EASA Technical Support Specialist 

Volatile organic compounds (VOCs) are found in our homes, in stores, in our offices and service centers. VOCs allow paints to dry quickly and cleaners to quickly loosen and remove dirt and debris. But VOCs do have a downside in that they bring serious health and environmental risks into our workplaces. Many service centers feel that these negatives far outweigh the benefits. 

In simple terms, any organic compound that evaporates into the air is, by default, a VOC unless it is listed by the applicable environmental compliance agency as an “exempt compound.” We want to minimize the use of VOCs because they contribute to air pollution.

Hazardous air pollutants (HAPs) 
In addition to VOCs, another concern is hazardous air pollutants (HAPs), which are those pollutants that are known or suspected to cause cancer as well as resulting in serious health and environmental effects. Environmental and safety authorities often require reporting of the quanti­ties of emissions of HAPs as well as VOCs. Not all VOCs are HAPs, thus reducing VOCs alone may not proportionately reduce HAPs. The best approach is to identify the VOCs and the HAPs in the products you use and reduce both types of pollutants as much as possible. 

Toxic air contaminants (TACs) 
Add into the mix toxic air con­taminants (TACs) which, while not actually regulated by the U.S. Environmental Protection Agency (EPA), are monitored in many areas of the United States because they deplete ozone and can lead to increased global warming. Some common TACs are benzene, nickel, lead, carbon tetrachloride and ammonia. With care your use of TACs can be reduced along with the VOCs and HAPs. 

In this article we will focus on VOCs; however, most of the concerns about VOCs apply to HAPs and TACs as well, and the action steps to reduce VOCs can be applied to them, too. 

VOCs in general 
The most common sources of VOCs in the service center are cleaning solvents, paints and var­nishes. One of the primary character­istics of VOCs is that they tend to evaporate into the air quickly. When associated with cleaning, the fast evaporation of VOCs means that the part being cleaned dries rapidly, and likewise in the case of paints, the paint dries rapidly. 

For winding treatment, the VOC-containing solvents in varnishes aid in the curing of the product. While fast drying is very advantageous, it also means VOCs are emitted into the air as a byproduct of the process, which isn’t good at all. 

Since these released VOCs carry with them serious health risks, using VOC-containing products can also have a more direct financial impact in your bottom line in terms of insurance costs.

Health concerns should be the main reason to want to minimize or avoid use of VOCs. As an air pollutant they are not good if inhaled or absorbed by any person or living organism. 

By taking steps to use alternatives to VOCs, we can reduce air pollution and avoid potential legal penalties. Using alternative products also may help control your company’s em­ployee health and other insurance costs. While your insurance provider may not reduce your premiums because you have changed to a reduced or VOC-free product, the insurer could increase your policy cost because you are using products with VOCs. 

Cleaning solvents 
We will proceed to examine alternatives to each of these primary applications involving the use of VOCs, beginning with cleaning solvents. Besides their fast-drying properties, VOCs also quickly loosen and carry away dirt, debris and other contamination. The surface that is left is typically clean enough that coatings like varnish or paint readily adhere to the base material such as a winding or frame component. 

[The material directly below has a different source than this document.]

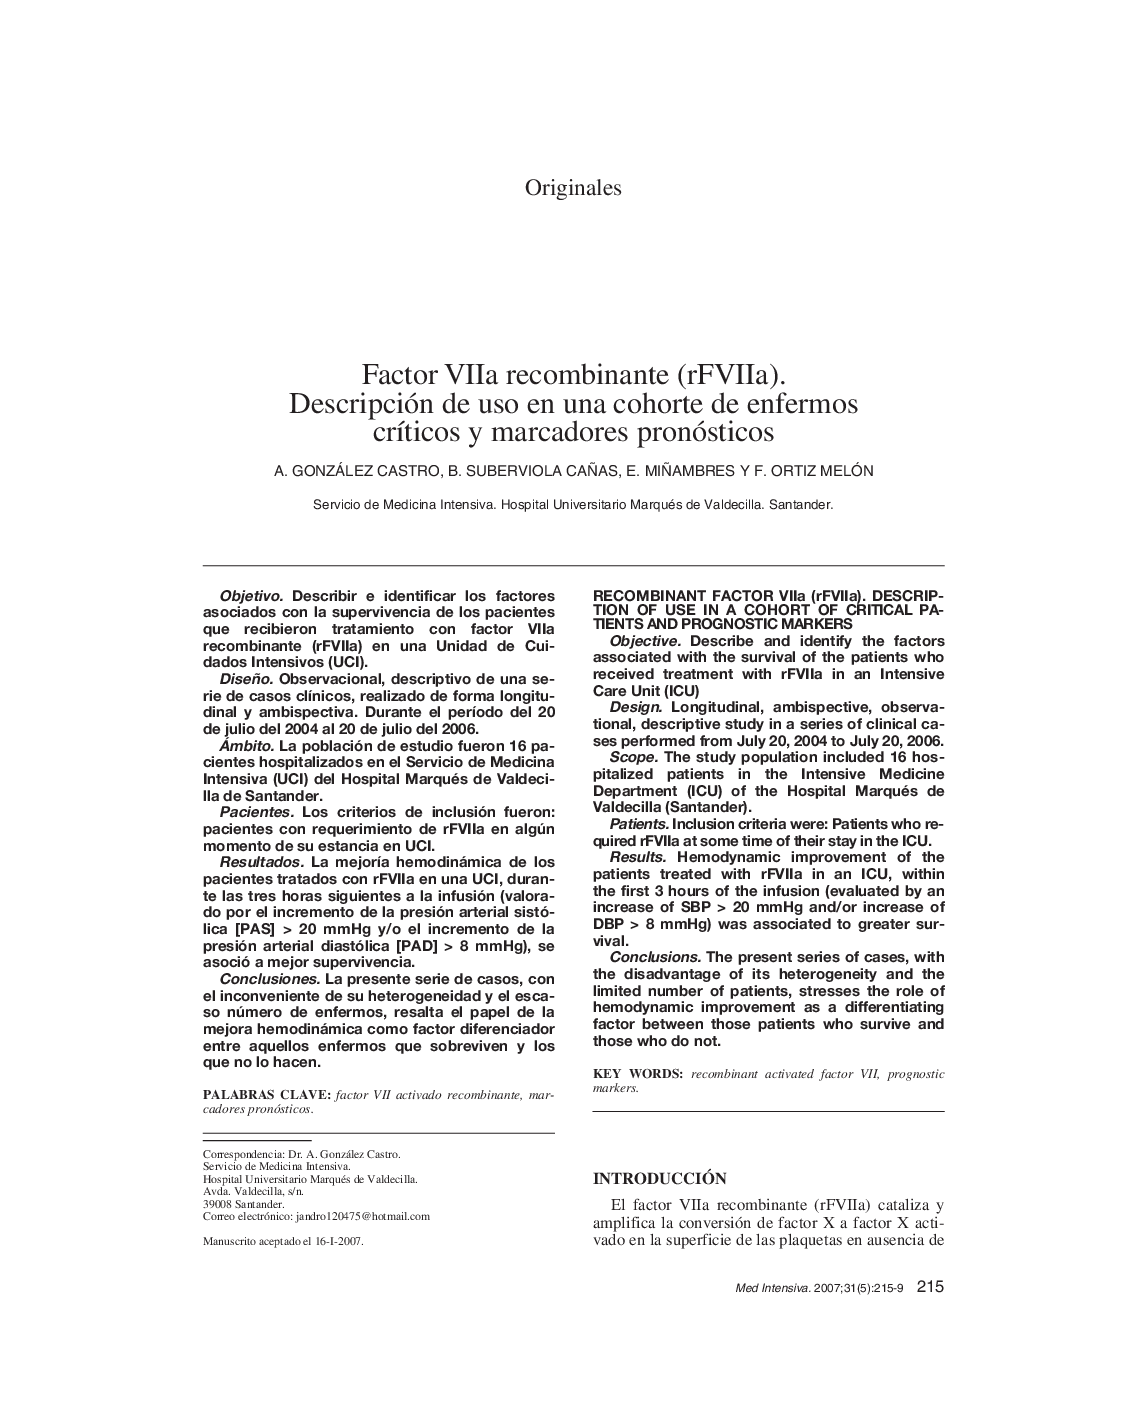 Factor VIIa recombinante (rFVIIa). Descripción de uso en una cohorte de enfermos crÃ­ticos y marcadores pronósticos

Most alternative cleaners take longer to dry than solvents with VOCs and the alternative cleaners generally are not as aggressive in cleaning. That is, the cleaning process typically takes longer to remove the dirt, debris and other contaminants. There may also be a film left on the surface that must be wiped off so that varnish or paint will properly adhere to the base material. Some alternative cleaners can be heated and/or agitated to accelerate the cleaning process and make it more effective. If the cleaning process can be automated by using a machine instead of all-manual cleaning, the cleaning time labor factor can be reduced. 

Alternative cleaners 
Citrus-based cleaners are the most common type of alternative cleaners. There is a wide range of cleaning capabilities in citrus-based cleaners, so the best advice is to obtain small product samples and test apply them until satisfactory results are obtained. They can be used in cold (non­heated) parts cleaning equipment, such as an immersion tank or open rinse tank in which the part is bathed with the cleaner. 

The base product of most citrus-based cleaners does not contain VOCs, or any substances that are considered by environmental agencies to be hazardous materials. As long as the material that is removed is also not hazardous, the residue should likewise be hazard-free. Therefore the cost and risk associated with disposal will be much less than with residue from parts cleaned with a hazardous substance. In either case, VOC or alternative cleaner, check the environmental regulations that apply to your facility’s location. Another upside of using citrus-based cleaners is that they smell nice — a vast improvement over solvented cleaners. 

Another alternative cleaning method is ultrasonic cleaning (Figure 1), utilizing ultrasonic waves in a liquid to remove deposits from parts. Cleaning occurs as a result of the physical striking of microscopic gas bubbles formed by high-fre­quency excitation and from the chemical effect of a detergent that is added to the liquid. The ultrasonic system is most effective for cleaning parts with complex geometries and passages like armatures and compo­nents with blind holes. However, these machines are relatively expen­sive and used mostly for smaller parts. 

Paints 
Paints containing VOCs, as with cleaning solvents, dry relatively fast. However, in the process of drying, they release VOCs into the air, thus contributing to pollution and reduced air quality.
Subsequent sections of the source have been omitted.